- Launch: Alibaba launched Qwen3.7-Plus as a multimodal model for screen and coding automation.
- Screen Actions: The model may read interfaces, choose actions, execute steps, and check results across app and cloud tasks.
- Evidence Caveat: Pricing, demo, and benchmark figures remain attributed claims because no dedicated public Qwen3.7-Plus specification carries them.
- Competition: Anthropic, OpenAI, and Microsoft Research already have computer-use or browser-agent efforts, raising the comparison bar.
Alibaba’s Tongyi Qianwen team has launched Qwen3.7-Plus as an iterative upgrade to the Qwen3.7 multimodal model family. Alibaba pitches the model for screen and coding automation: reading screens, choosing actions such as clicking or typing, writing code, and operating tools rather than only answering prompts.

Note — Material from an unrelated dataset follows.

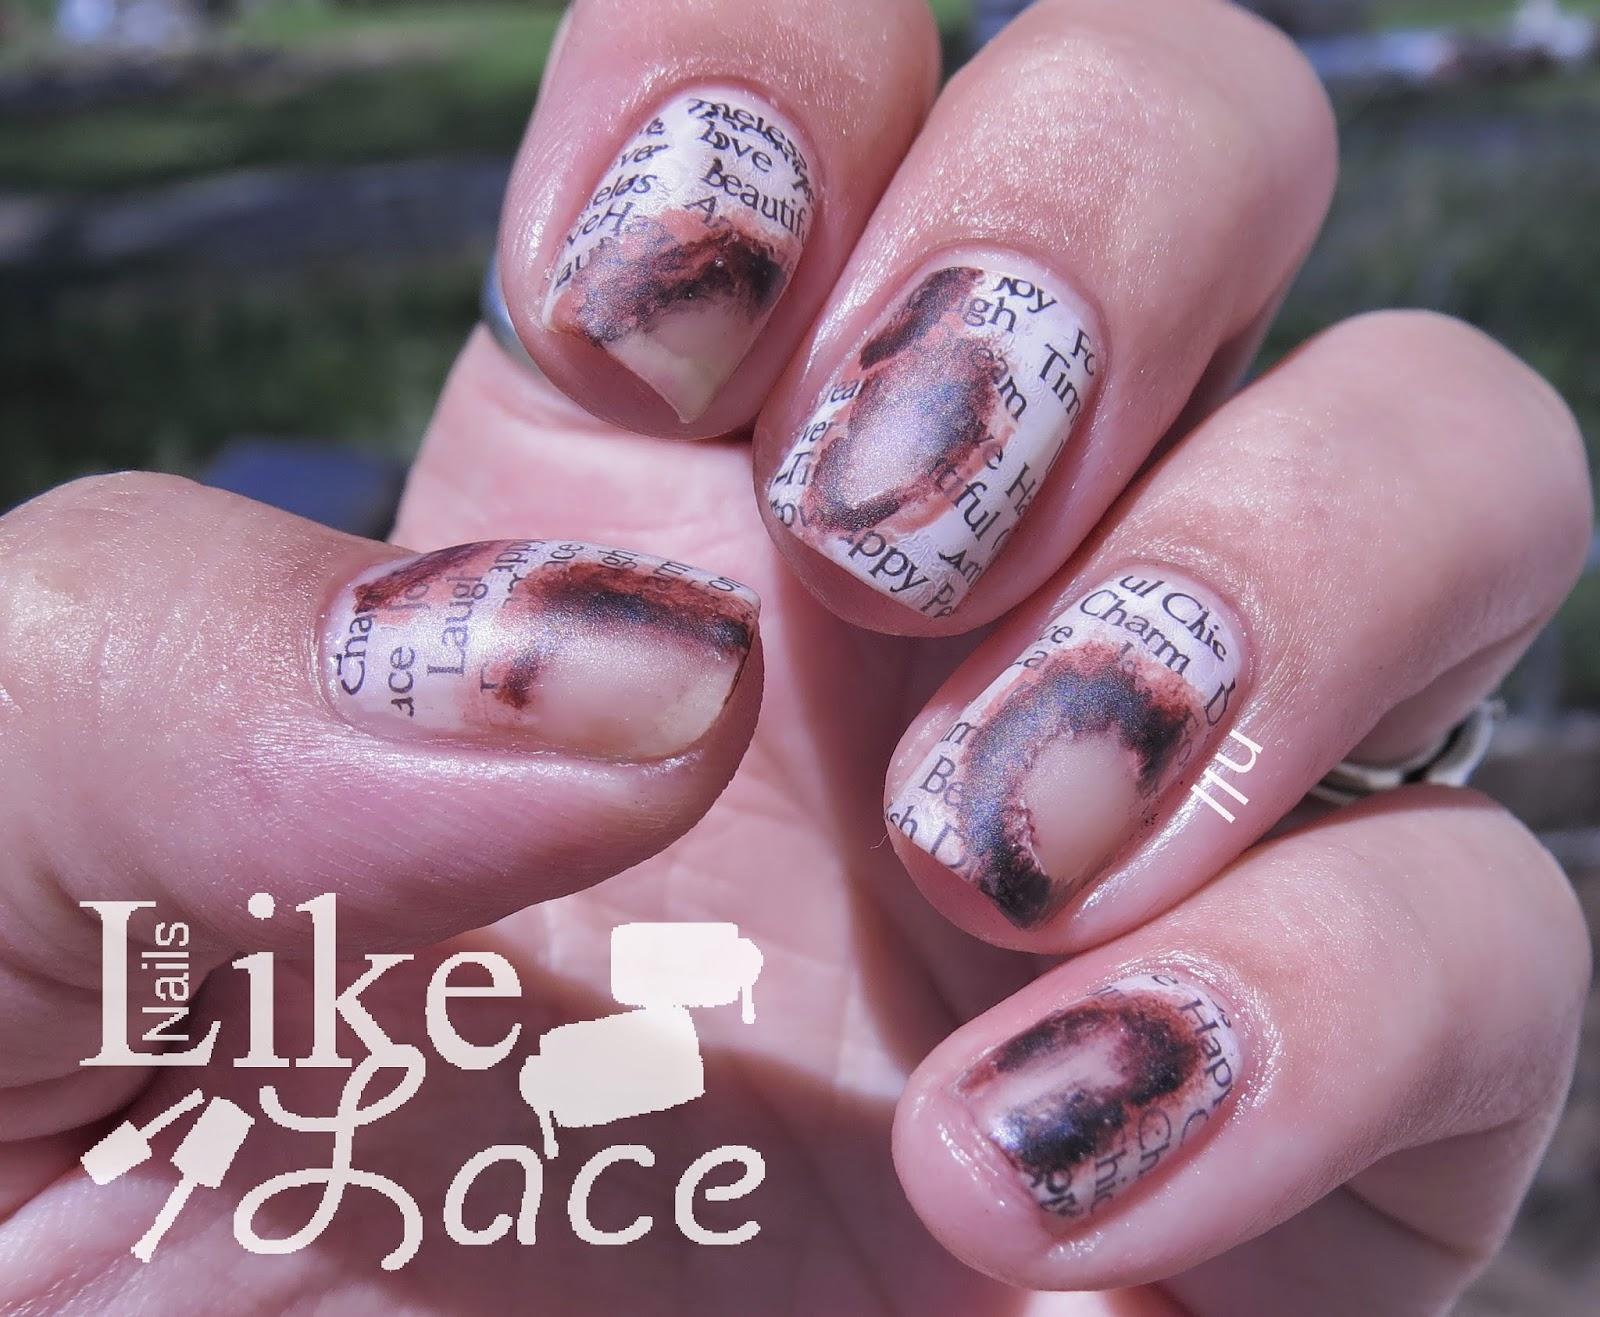 NailsLikeLace: Burnt Newspaper Nails
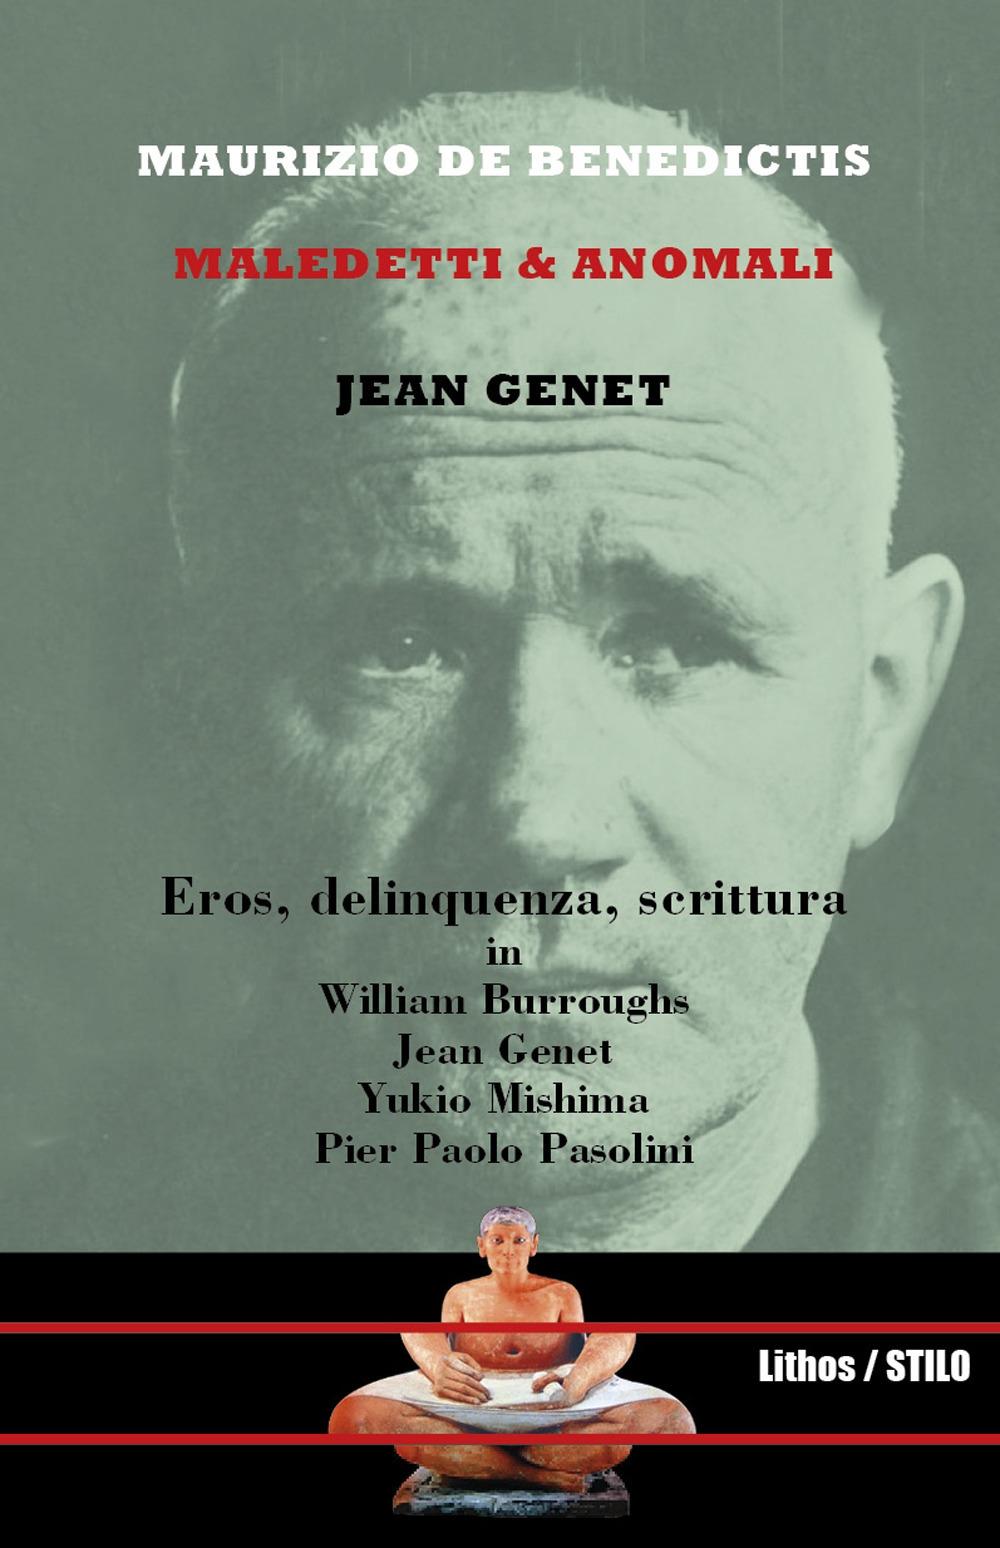 Maledetti & anomali. Jean Genet

Alibaba’s Qwen model family already covers large language and multimodal model work.
How Qwen3.7-Plus Acts on Screens
Qwen3.7-Plus adds native vision input, screenshot perception, browser automation, app operation, and screen navigation to the Qwen3.7 lineup. Alibaba’s model team described it as a “multimodal interactive hybrid agent”.
Computer-use workflows fail when a model understands a request but cannot locate the right button, field, terminal command, or application state. Qwen3.7-Plus combines visual perception with agent capabilities as its core mechanism to solve this issue.
Concrete demos give that task loop shape. According to the Qwen team, a hybrid agent run using Qwen3.7-Plus has generated more than 10,000 lines of code across more than 1,000 agent calls during an eleven-hour vocabulary-app build. That scale matters for evaluation because long-running agents need recovery behavior, not just a single correct answer.
The new model is claimed to have recreated the native macOS Stocks app after having parsed the interface, generated SwiftUI code, connected an application programming interface, compiled the result, and run ten functional tests. Qwen for Chrome can enter agent mode with user permission for a cloud task such as selecting a low-cost virtual server instance.
Compatibility includes the Anthropic API protocol with support for Anthropic’s Claude Code developer tool, the OpenClaw agent gateway, and Alibaba’s Qwen Code. Pricing lists Qwen3.7-Plus at $0.40 per million input tokens and $2.40 per million output tokens, below cited Qwen3.7-Max figures of $2.50 and $7.50 for the language-only counterpart.
Benchmark figures place Qwen3.7-Plus at 79.0 on ScreenSpot Pro, a screen-grounding benchmark, and 70.3 on Terminal-Bench, a terminal-task benchmark. Developers get comparison points, but long action chains can still compound small mistakes in live work.
Alibaba’s Qwen Roadmap Meets Computer-Use Rivals
Alibaba is joining a computer-use race that has been building since 2024. Anthropic first introduced computer use for Claude in October 2024, giving Claude 3.5 Sonnet the ability to view screens, move a cursor, click buttons, and type through tools.
OpenAI followed in 2025 with Operator for browser actions, while Microsoft Research introduced Fara1.5 models in May 2026 as browser computer-use agents in 4B, 9B, and 27B sizes. Qwen3.7-Plus enters that field with a broader claim around app, terminal, coding, and cloud-console work.
Alibaba’s Qwen3-Coder release pushed agentic coding workflows in 2025, while its Qwen3-VL release built out vision-language groundwork. Earlier 2026 Qwen agentic model positioning also centered on agentic capability and cost cuts.
Qwen3.7-Plus brings those coding and vision strands closer together by putting screen state, coding, browser control, and cloud-console operation inside one proprietary model pitch. Enterprise adoption depends on whether Alibaba can turn the adjacent capabilities into one managed workflow product.
What Still Needs Proof
Reliability will decide whether developers treat Qwen3.7-Plus as an automation tool or a demo system. Long agent workflows compound small mistakes when a model must click, type, compile, test, and recover from errors over dozens or hundreds of steps.
A Vision Arena ranking for Qwen3.7-Plus-Preview adds another comparison point, but customer evidence on real work would carry more weight. Benchmarks and staged demos can show direction; production users need evidence that the model handles interface changes, permissions, failures, and audit requirements.